Another Confirmation Of Self Assembly Nanotechnology In COVID Bioweapons: Remarkable Longitudinal Study And Culture Work Of COVID Shots For Up To 12 Months And Cellular Toxicity Studies
In this important study, Dr Young Mi Lee with Dr Daniel Broudy describes her culture findings of Pfizer and Moderna Bioweapons. Many different studies were done, including incubation of the COVID injections, cellular effects upon blood and semen specimen. The tests showed direct toxicity to semen and death of all sperm within minutes up to 1.5 hours in the healthiest donor samples when put in contact with the “vaccine” solution. EMF exposure was also tested, in addition with different supplements and treatment solutions. For this substack, select images were taken from the article which is 66 pages long. Please refer to this link and download the paper - please share widely - this is one the most comprehensive and long term study of the COVID injections and their cellular effects to date. The findings are entirely consistent with all prior research findings of self assembly nanotechnology from the injectables.
Abstract
Observable real-time injuries at the cellular level in recipients of the “safe and effective” COVID-19 injectables are documented here for the first time with the presentation of a comprehensive description and analysis of observed phenomena. The global administration of these often-mandated products from late 2020 triggered a plethora of independent research studies of the modified RNA injectable gene therapies, most notably those manufactured by Pfizer and Moderna. Analyses reported here consist of precise laboratory “bench science” aiming to understand why serious debilitating, prolonged injuries (and many deaths) occurred increasingly without any measurable protective effect from the aggressively, marketed products. The contents of COVID-19 injectables were examined under a stereomicroscope at up to 400X magnification. Carefully preserved specimens were cultured in a range of distinct media to observe immediate and long-term cause-and-effect relationships between the injectables and living cells under carefully controlled conditions. From such research, reasonable inferences can be drawn about observed injuries worldwide that have occurred since the injectables were pressed upon billions of individuals. In addition to cellular toxicity, our findings reveal numerous — on the order of 3~4 x 106 per milliliter of the injectable — visible artificial self-assembling entities ranging from about 1 to 100 µm, or greater, of many different shapes. There were animated worm-like entities, discs, chains, spirals, tubes, right-angle structures containing other artificial entities within them, and so forth. All these are exceedingly beyond any expected and acceptable levels of contamination of the COVID-19 injectables, and incubation studies revealed the progressive self-assembly of many artifactual structures. As time progressed during incubation, simple one- and two-dimensional structures over two or three weeks became more complex in shape and size developing into stereoscopically visible entities in three-dimensions. They resembled carbon nanotube filaments, ribbons, and tapes, some appearing as transparent, thin, flat membranes, and others as three-dimensional spirals, and beaded chains. Some of these seemed to appear and then disappear over time. Our observations suggest the presence of some kind of nanotechnology in the COVID-19 injectables.

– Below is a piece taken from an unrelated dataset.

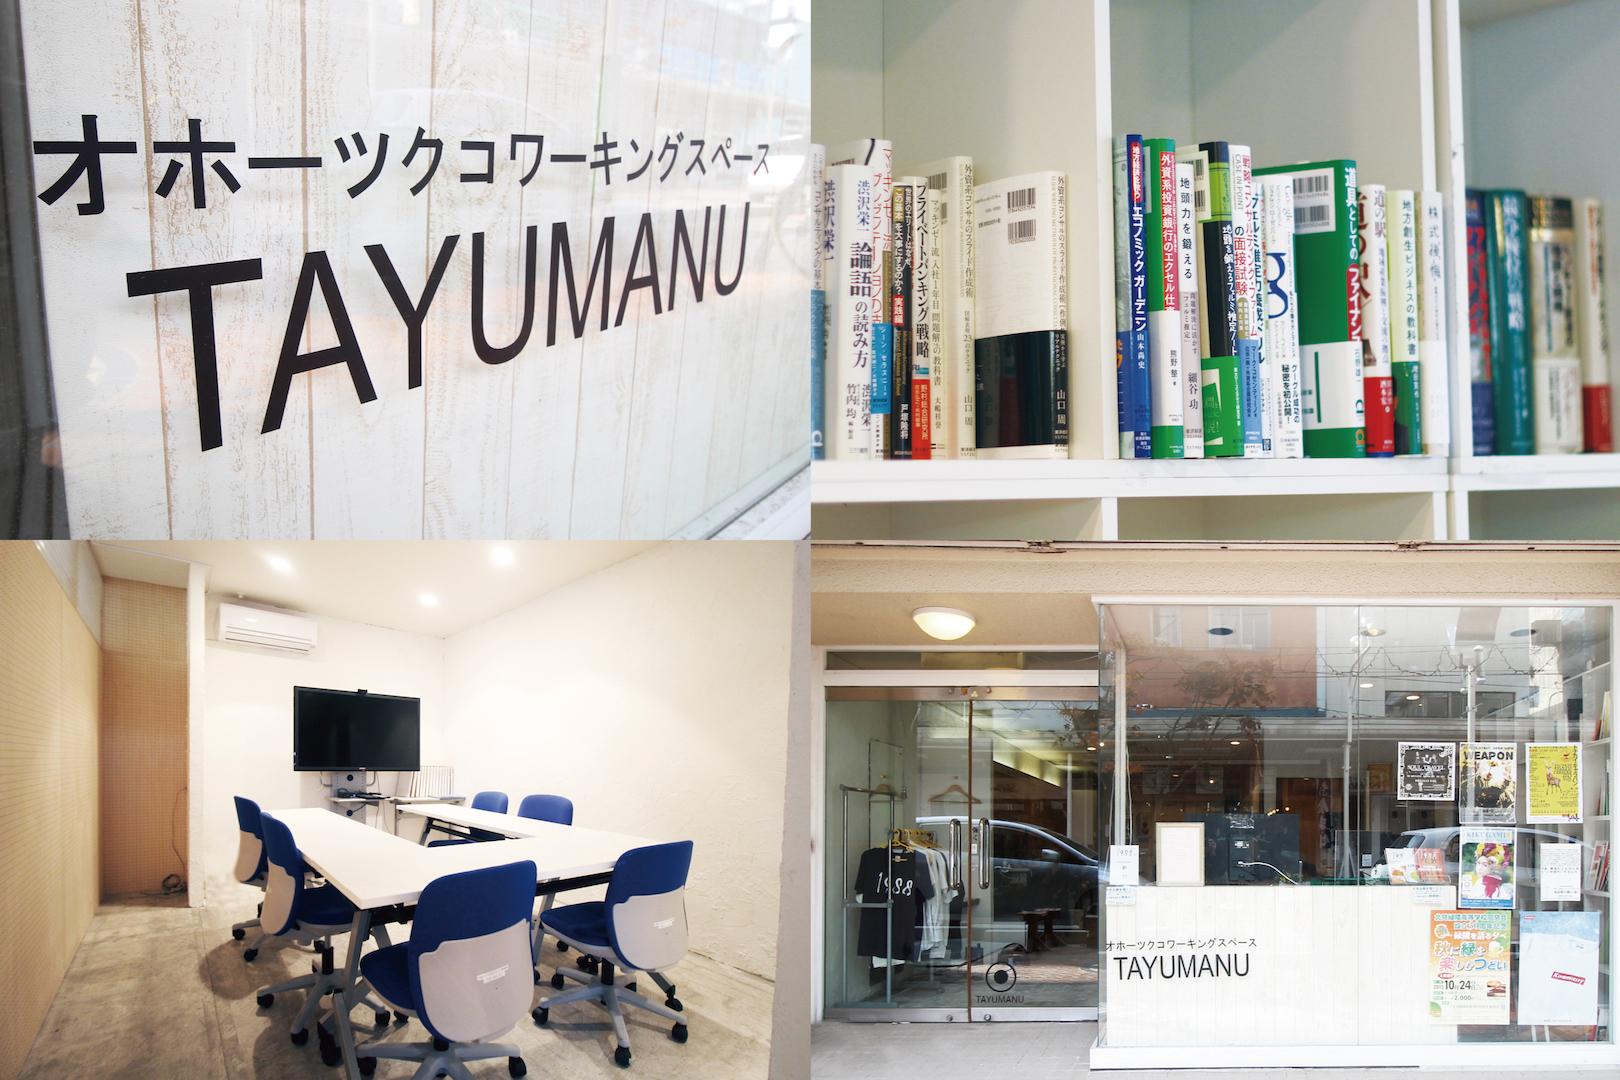 北海道北見市にあるコワーキングスペース TAYUMANU(タユマヌ)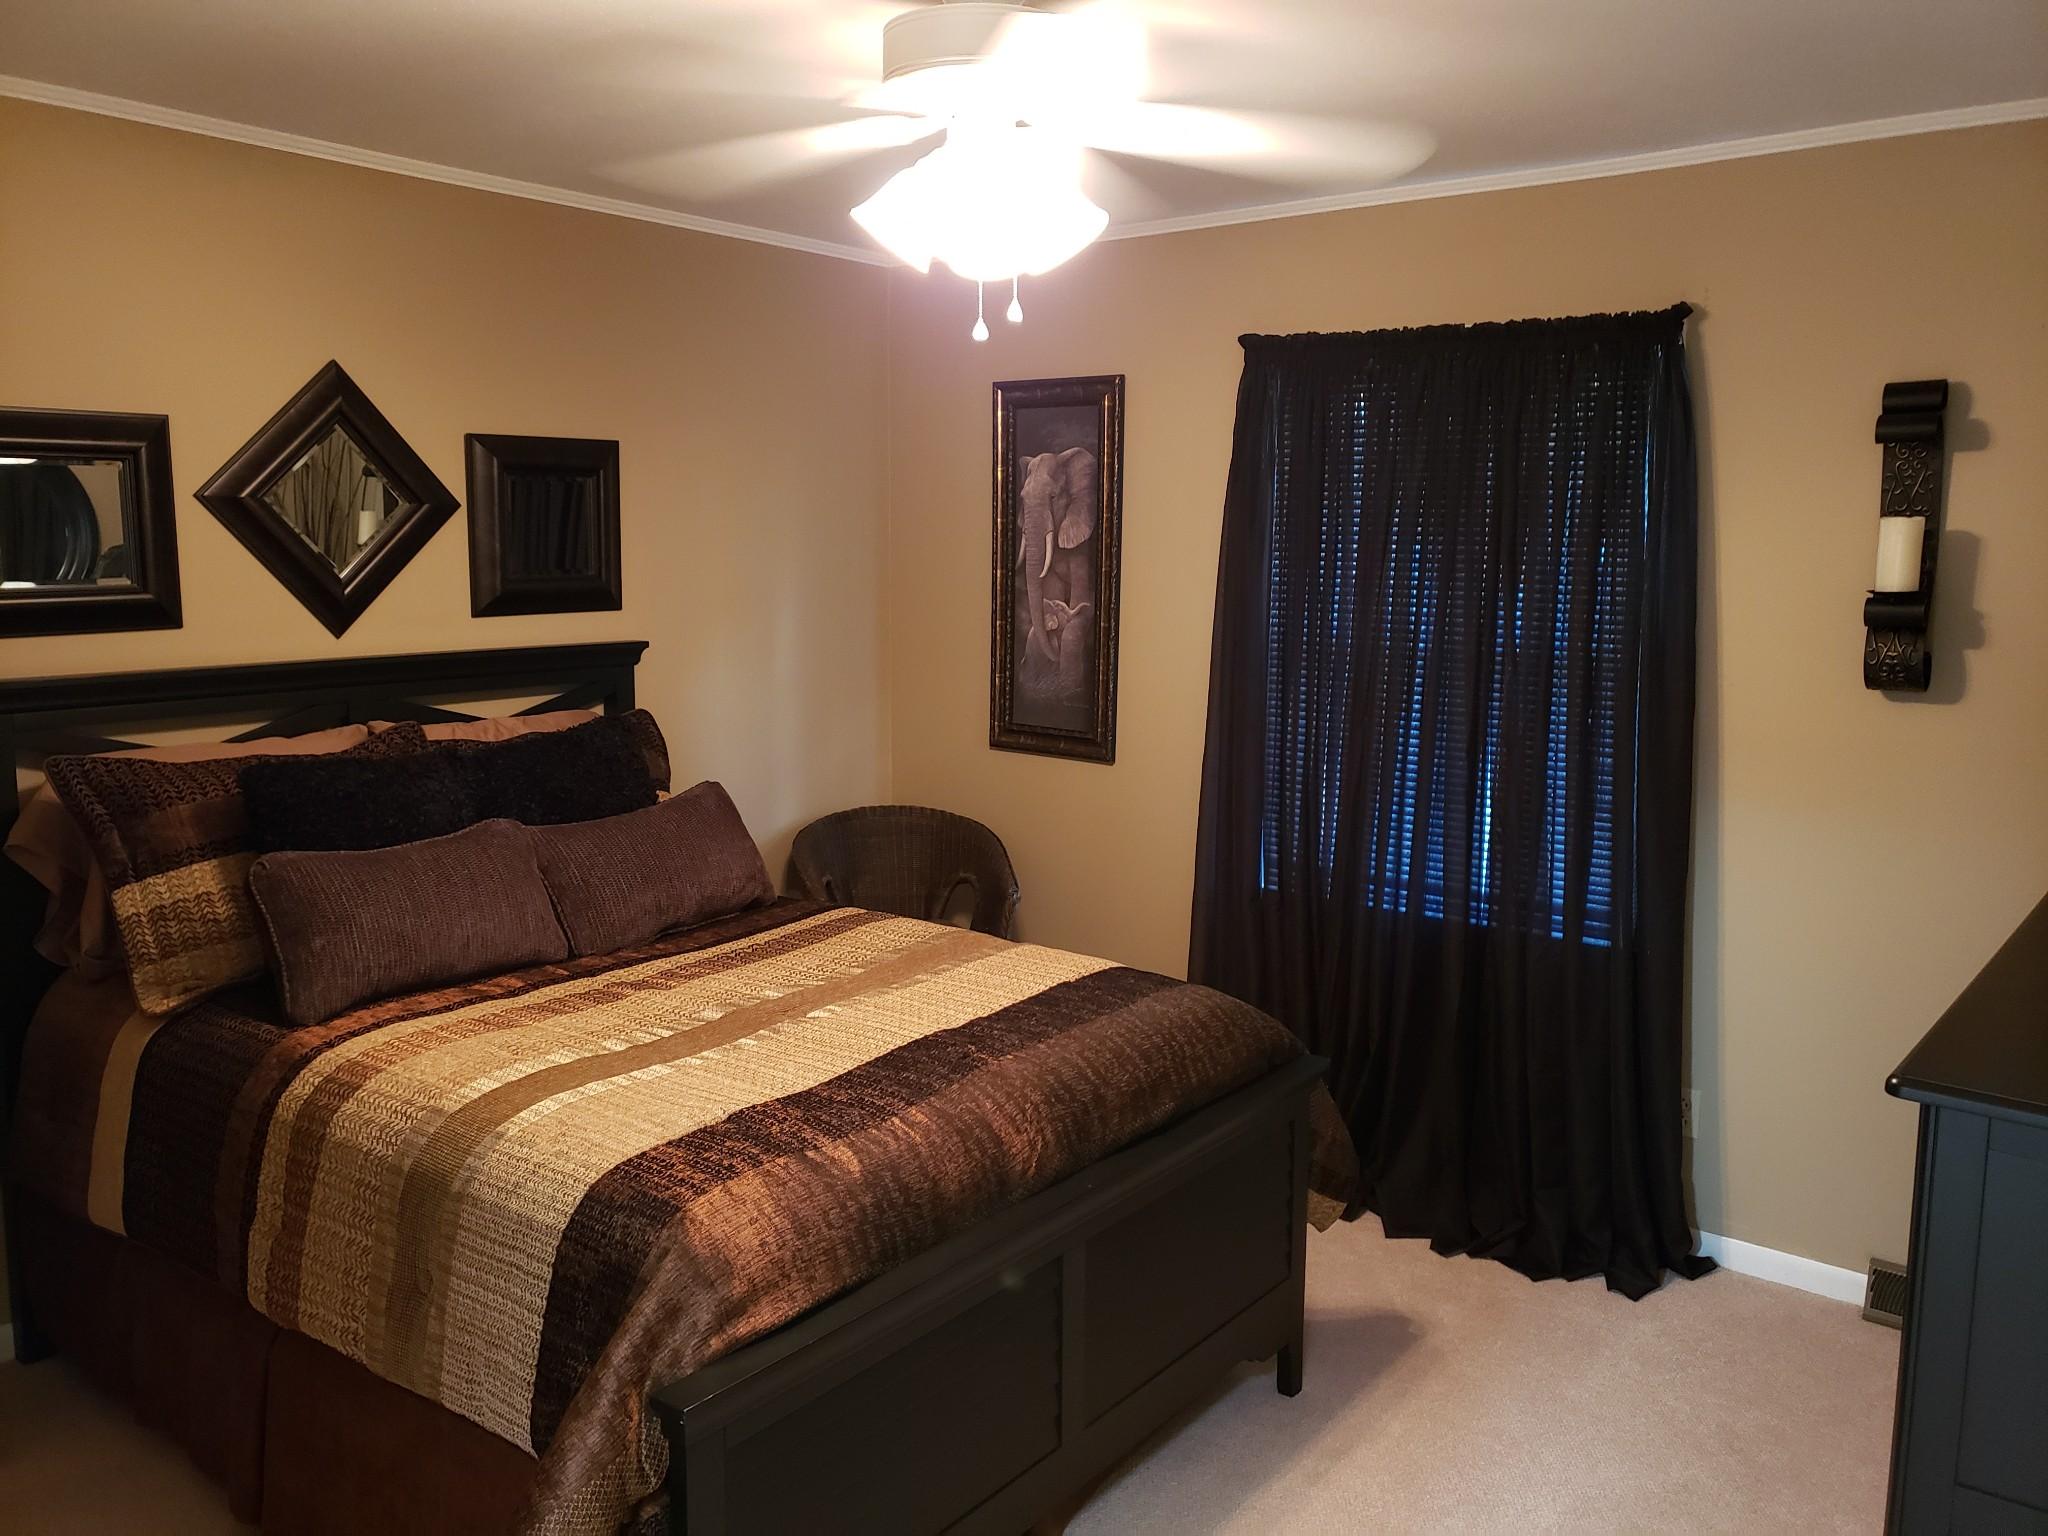 505 Kindel Dr Property Photo 8

Figure 5. Direct microscopic findings observed in two dimensions magnified 400X: (a) Remnants and new Pfizer injectables, directly observed as well as after incubation for 1 -2 days. (b) Moderna and 4 dried COVID-19 injectables (Pfizer, Moderna, AstraZeneca, and Novavax).
Figure 6. Interactions observed for whole blood(a)/plasma(b) with Novavax at 400X magnification: (a) Within 1 hour, blood cells formed a prominent barrier against “vaccine” contents. (b) After 30 minutes, severe aggregates of red blood cells in rouleaux appeared in the plasma specimen.
Figure 7. Plasma reactions after two hours with four COVID-19 injectables — Pfizer, Moderna, Novavax, and AstraZeneca: (a) Pfizer showing cellular collapse (pyknosis) of white blood cells and damaged platelets; (b) Moderna with stacks of red blood cells (rouleaux); (c) Novavax with the nucleus of white blood cells disintegrating (karyorrhexis), abnormal platelet aggregations, and some rouleaux of red blood cells; and (d) AstraZeneca with prominent Rouleau of red blood cells.
Figure 8. Reaction of semen to COVID-19 injectables at 200X magnification: (a) semen with normal saline as a control added after two hours; (b) with flu vaccine added as a control after 1.5 hours showed sperm cells with intact morphology and with typical progressive natural reduction in sperm motility; (c) 30 minutes after Pfizer-1 injectable was added, sperm motility showed rapid reduction; (d) Pfizer-1 after one hour, all sperm motility ceased;
(e) 30 minutes after Moderna. injectable added; (f) one hour after Moderna was added sperm cells were completely immotile; (g) 30 minutes after Novavax was added; (h) one hour after Novavax, all motility ceased.
Figure 11. Findings for Pfizer incubation study for 372 days; (a) Day 22, this is what we describe as a beaded chain (at 400X magnification); (b) Day 24, 2- dimensional geometric self-assembly at the bottom (at 200X magnification) in normal saline; (c) Day 60, floating 3-dimensional detailed chip-like structures (at 400X magnification) in distilled water; (d) and (e) day 60, accumulated 3-dimensional chip-like structures within an oval shaped boundary (200X/400X) in distilled water; (f), (g), (h), (i) Floating filaments shedding bubbles inside and outside in normal solution at day 95 (100x/100x/200x/200x); (j), (k), (l), (m) Progressive degenerative changes in distilled water 200X (day 82/day 256/day 306/day 372).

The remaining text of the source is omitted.